- Origin: Washington, D.C., United States
- Genres: Jazz fusion, jazz-funk, jazz, smooth jazz
- Years active: 1973–1981, 2012–present
- Label: Fantasy
- Members: Joe Hall Keith Killgo Orville Saunders
- Past members: Allan Barnes Donald Byrd Barney Perry Kevin Toney Jay Jones Ray Armando Oscar Brashear Perk Jacobs David Williams Wesley Jackson Stephen Johnson Gary Hart

= The Blackbyrds =

American band

The Blackbyrds are an American rhythm and blues and jazz-funk fusion group, formed in Washington, D.C., in 1973 and reformed in 2012 by Keith Killgo.

==History==
The group was inspired by trumpeter Donald Byrd and featured some of his Howard University students: Kevin Toney (keyboards), Keith Killgo (vocals, drums), Joe Hall (bass guitar), Allan Barnes (saxophone, clarinet), and Barney Perry (guitar). Orville Saunders (guitar), and Jay Jones (flute, saxophone) joined later. Merry Clayton joined them to sing on "Rock Creek Park" and "Happy Music".

The band signed with Fantasy Records in 1973. Their 1975 hit "Walking in Rhythm" received a Grammy nomination and sold over one million copies by May 1975. It was later awarded a gold disc. Subsequent albums City Life, Unfinished Business, and Action also reached Gold sales status.

Founding member Allan Barnes died on July 25, 2016, at the age of 66. Pianist Kevin Toney died from cancer on March 18, 2024, at the age of 70.

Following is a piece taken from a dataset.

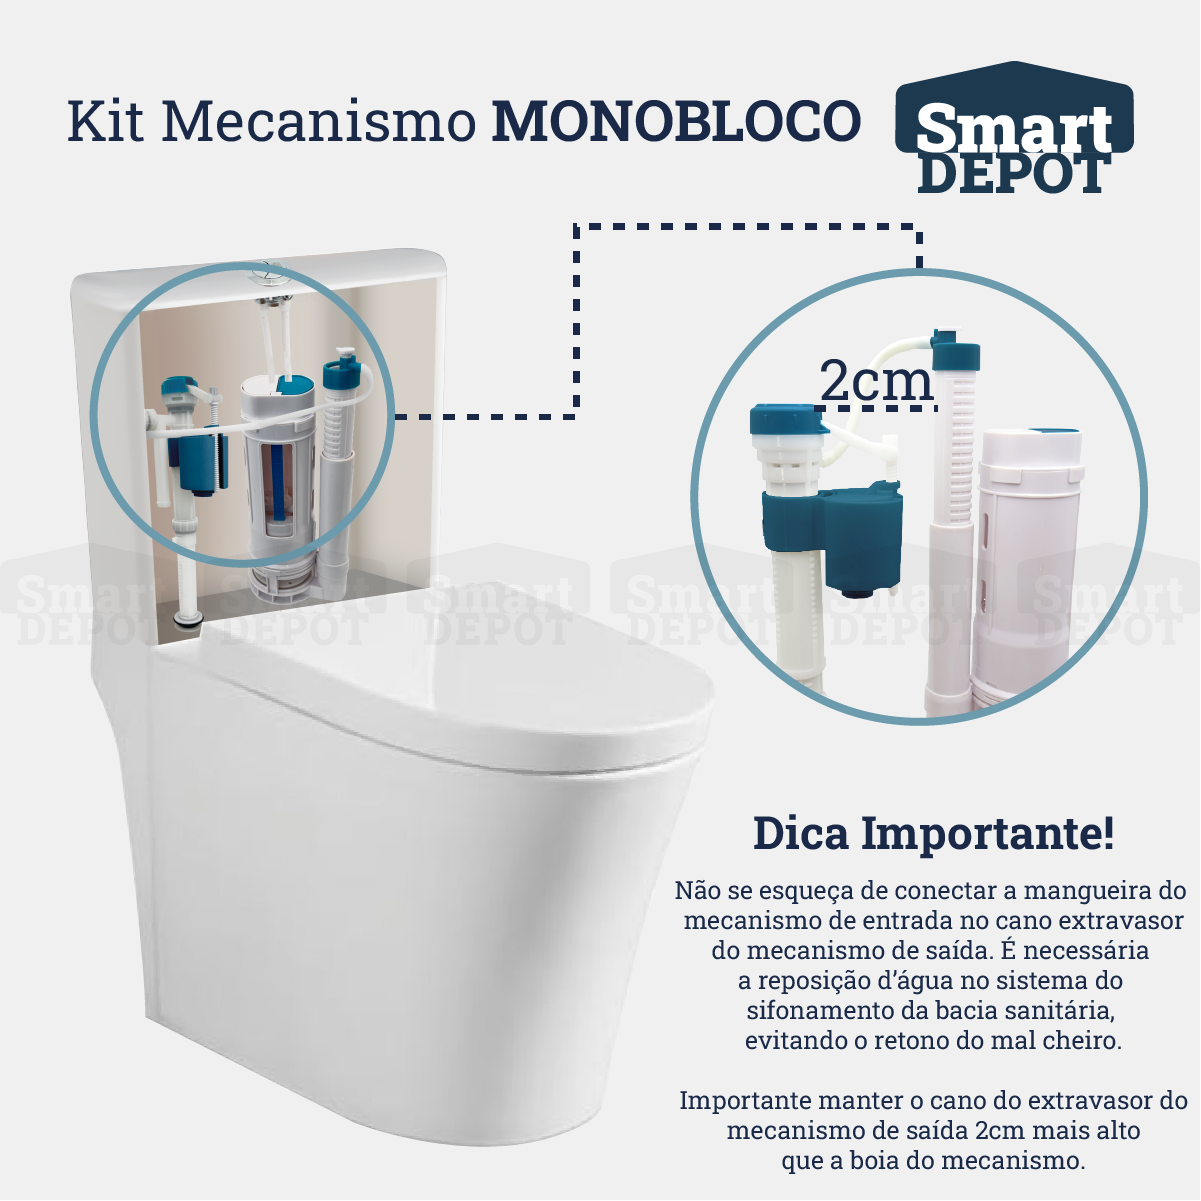 Kit Mecanismo de Descarga Caixa Acoplada Monobloco Completo Smart Depot com Botão Superior Duplo - 6

==Sampling of Blackbyrds music==
The Blackbyrds work has been sampled by hip-hop artists including Tupac Shakur, Gang Starr, Da Lench Mob, and Full Force. Their song "Happy Music" was issued on 45 rpm 12-inch single as the first club mix release by Fantasy Records, in November 1975, to enable club deejays to drop sequences into a mix. In particular, their 1975 song "Rock Creek Park" from the City Life album has been sampled by groups and artists such as MF Doom, De La Soul, Da Lench Mob, Eric B. & Rakim, Massive Attack, Heavy D, Nas, Grandmaster Flash & the Furious Five, Tone Lōc, Mac Dre, and Wiz Khalifa.

==Discography==
===Studio albums===

Year: Album; Chart positions; Label; Certifications
US: US R&B; US Jazz
1974: The Blackbyrds; 96; 14; 6; Fantasy
Flying Start: 30; 5; 2
1975: Cornbread, Earl and Me (soundtrack); 150; 19; 39
City Life: 16; 3; 1; US: Gold (RIAA)
1976: Unfinished Business; 34; 6; 5; US: Gold (RIAA)
1977: Action; 43; 8; US: Gold (RIAA)
1980: Better Days; 133; 40; —
2012: Gotta Fly; —; —; —; K-Wes Indi Records
"—" denotes releases that did not chart.

===Compilations===
- 1978: Night Grooves (Fantasy)
- 1989: Greatest Hits (Fantasy)
- 2007: Happy Music: The Best of The Blackbyrds (Fantasy FCD-30194-2)

===Singles===

| Year | Title | Peak chart positions |  |  |  |  |
| US | US R&B | US Disco | US A/C | UK |
| 1974 | "Do It, Fluid" | 69 | 23 | ― | ― | ― |
| "Gut Level" | ― | ― | 9 | ― | ― |
| 1975 | "Walking in Rhythm" | 6 | 4 | 9 | 5 | 23 |
| "Future Children, Future Hopes" | ― | ― | 3 | ― | ― |
| "Flyin' High" | 70 | 22 | ― | ― | ― |
| "City Life" | ― | ― | 4 | ― | ― |
| 1976 | "Happy Music" | 19 | 3 | 6 | ― | ― |
| "Rock Creek Park" | 93 | 37 | ― | ― | ― |
| "Unfinished Business" | ― | ― | 14 | ― | ― |
| "Time Is Movin'" | 95 | 15 | ― | ― | ― |
| "Party Land" | ― | 30 | ― | ― | ― |
| 1977 | "Soft and Easy" | ― | 20 | ― | ― | ― |
| "Supernatural Feeling" | ― | 19 | ― | ― | ― |
| "Street Games" | ― | ― | ― | ― | ― |
| 1980 | "Don't Know What You Say" | ― | ― | ― | ― | ― |
| "What We Have Is Right" | ― | 38 | ― | ― | ― |
| "Love Don't Strike Twice" | ― | 52 | ― | ― | ― |
| "Dancin' Dancin'" | ― | ― | 59 | ― | ― |
| 2002 | "Mysterious Vibes" (remix, originally released in 1977) | ― | — | ― | ― | 97 |
"—" denotes releases that did not chart or were not released in that territory.